RESULTS AND DISCUSSION
The cyclocondensation of N-benzyl-2-cyanoacetamide with carbon disulfide provides thiazinone 3. The reaction presumably involves the formation of a non-isolable aza adduct 1 and its intramolecular cyclization via addition of the mercapto function to cyano group followed by a [1,3]-sigmatropic shift (Scheme 1).
1.
The 1H NMR spectrum of compound 3 displays a downfield signal at 8.21 ppm from the NH2 protons, a multiplet of aromatic protons at 7.25–7.33 ppm, an ethylene proton singlet at 5.86 ppm, and a doublet of the CH2N protons at 4.33 and 4.55 ppm. The 13C NMR spectrum shows C=S and C=O carbon signals at 167.69 and 161.02 ppm and a CH2 carbon at 85 ppm. The IR spectrum contains a C=O stretching band at 1650 cm–1 (the frequency is decreased by the +M effects of S and NH2).
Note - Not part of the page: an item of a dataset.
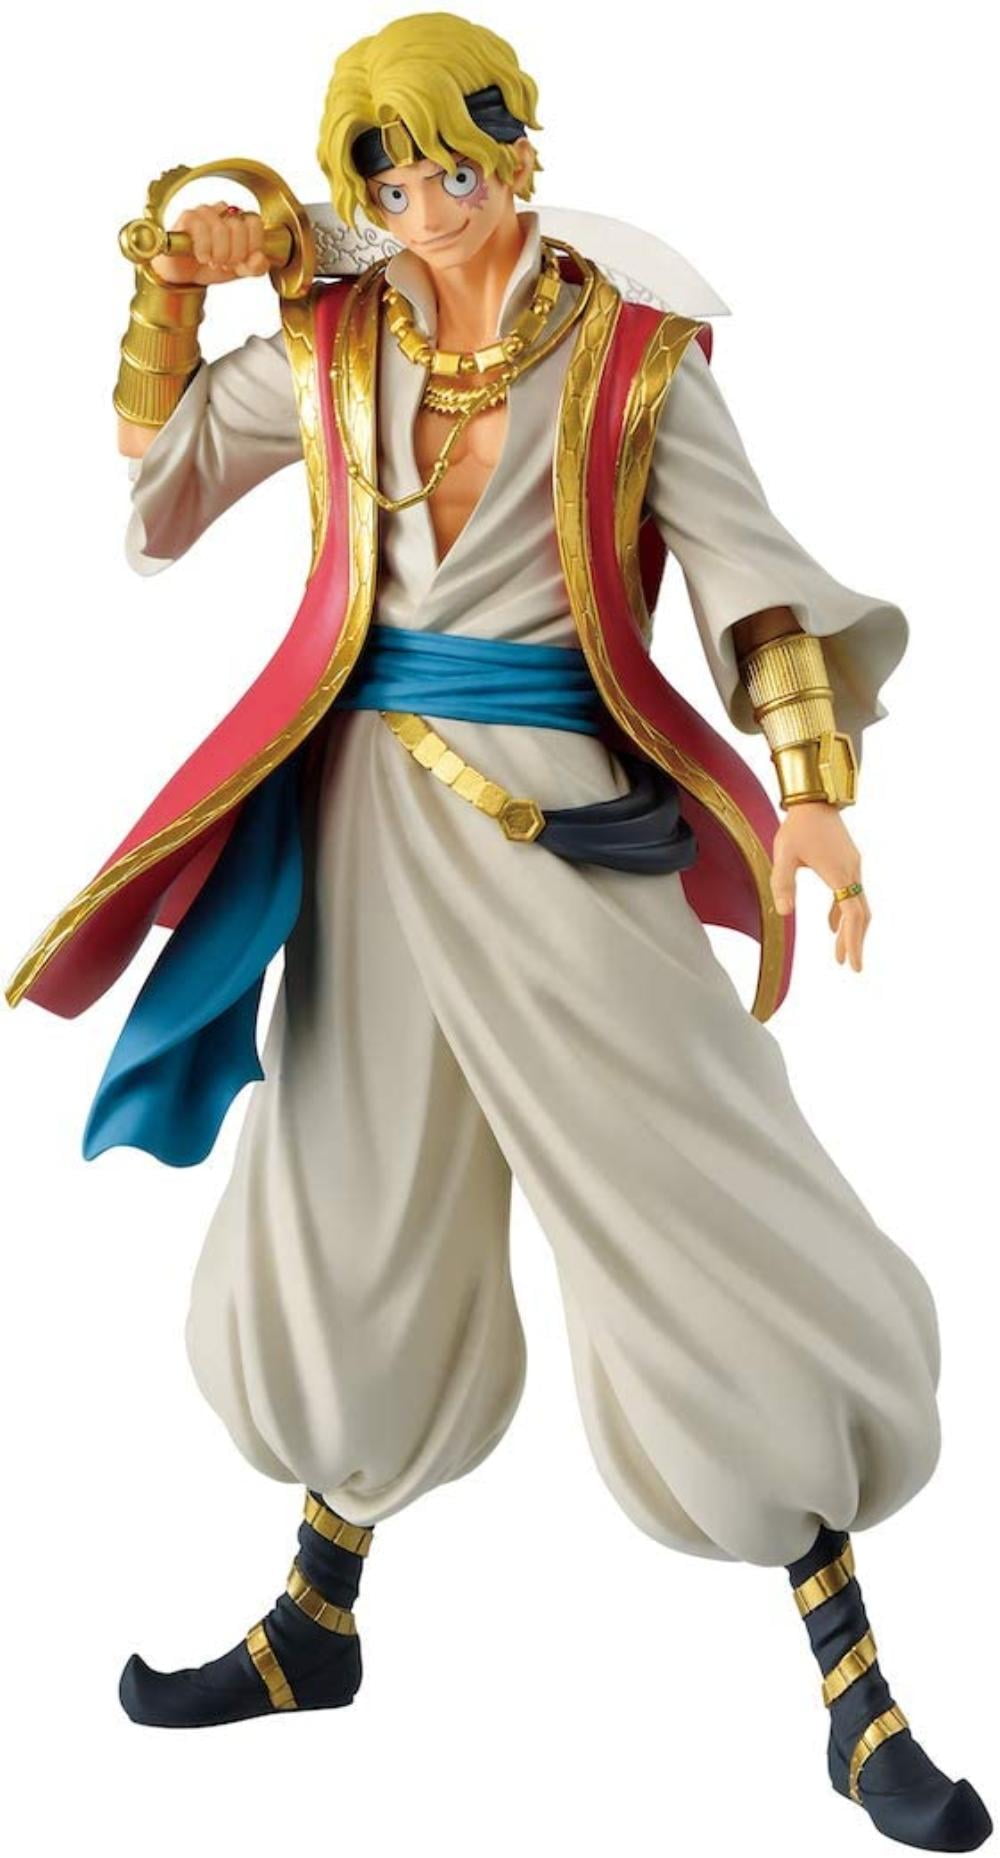 QWEIAS One Piece Action Figure Anime Statues Action Character 3D Model Toy Dolls Desktop Decorations Collectibles Home Car Dashboard Gift Games Cool A-21CM

Due to the presence of a cyclic enamine system, compound 3 can undergo heterocyclization to form interesting condensed polycyclic compounds. Thus, the cyclocondensation of compound 3 with maleic anhydride affords furopyrrole thiazine derivative 7 through the formation Michael adduct 4 and its cyclization via the condensation of the enamine nitrogen with the carboxyl group (with elimination of a water molecule) and subsequent intramolecular cycloaddition (Scheme 2).
2.
Compound 3 undergoes [3+3]-cycloaddition reaction with ethyl benzylidenecyanoacetate followed by hydrolysis, decarboxylation, and aromatization to furnish pyridothiazine derivative 10 (Scheme 3). The 1H NMR spectrum of compound 10 displays aromatic proton signals signal at 7.25–7.30 ppm and a benzylic signal at 5.16–5.25 ppm. The IR spectrum of 10 shows bands at 3330 and 1663 cm–1 due to NH2 and C=O stretching vibrations, respectively.
3.
Amidopyrrolothiazine 11 was obtained as a result of the cycloaddition reaction between compound 3 and benzylidene cyanoacetamide (Scheme 3). The 1H NMR spectrum of compound 11 displays a downfield broad signal of the NH2 protons at 10.31 ppm, as well as amide and benzylic proton signals at 5.12 and 4.16–4.20 ppm, respectively. The IR spectrum contains bands at 3300, 1650, and 1250 cm–1 from the NH2, C=O, and C=S groups, respectively. As shown in Scheme 3, compound 12 forms as a result of the attack of the enamine carbon in 3 to the polarized double bond in benzylidene malonitrile, after which the exocyclic amino group adds to the cyano function. The spectral characteristics of compound 12 are consistent with the proposed structure. The 1H NMR spectrum of compound 12 displays a downfield broad singlet for NH2 at 11.6 ppm, a signal of PhCH2 methylene protons at 5.26–5.27 ppm, as well as PhCH and CHCN methine proton signals at 5.10–5.12 and 4.36–4.37 ppm, respectively. The IR spectrum displays bands at 3300, 2198, 1650, 1547, and 1220 cm–1 assignable to the NH2, CN, C=O, C=C, and C=S groups, respectively.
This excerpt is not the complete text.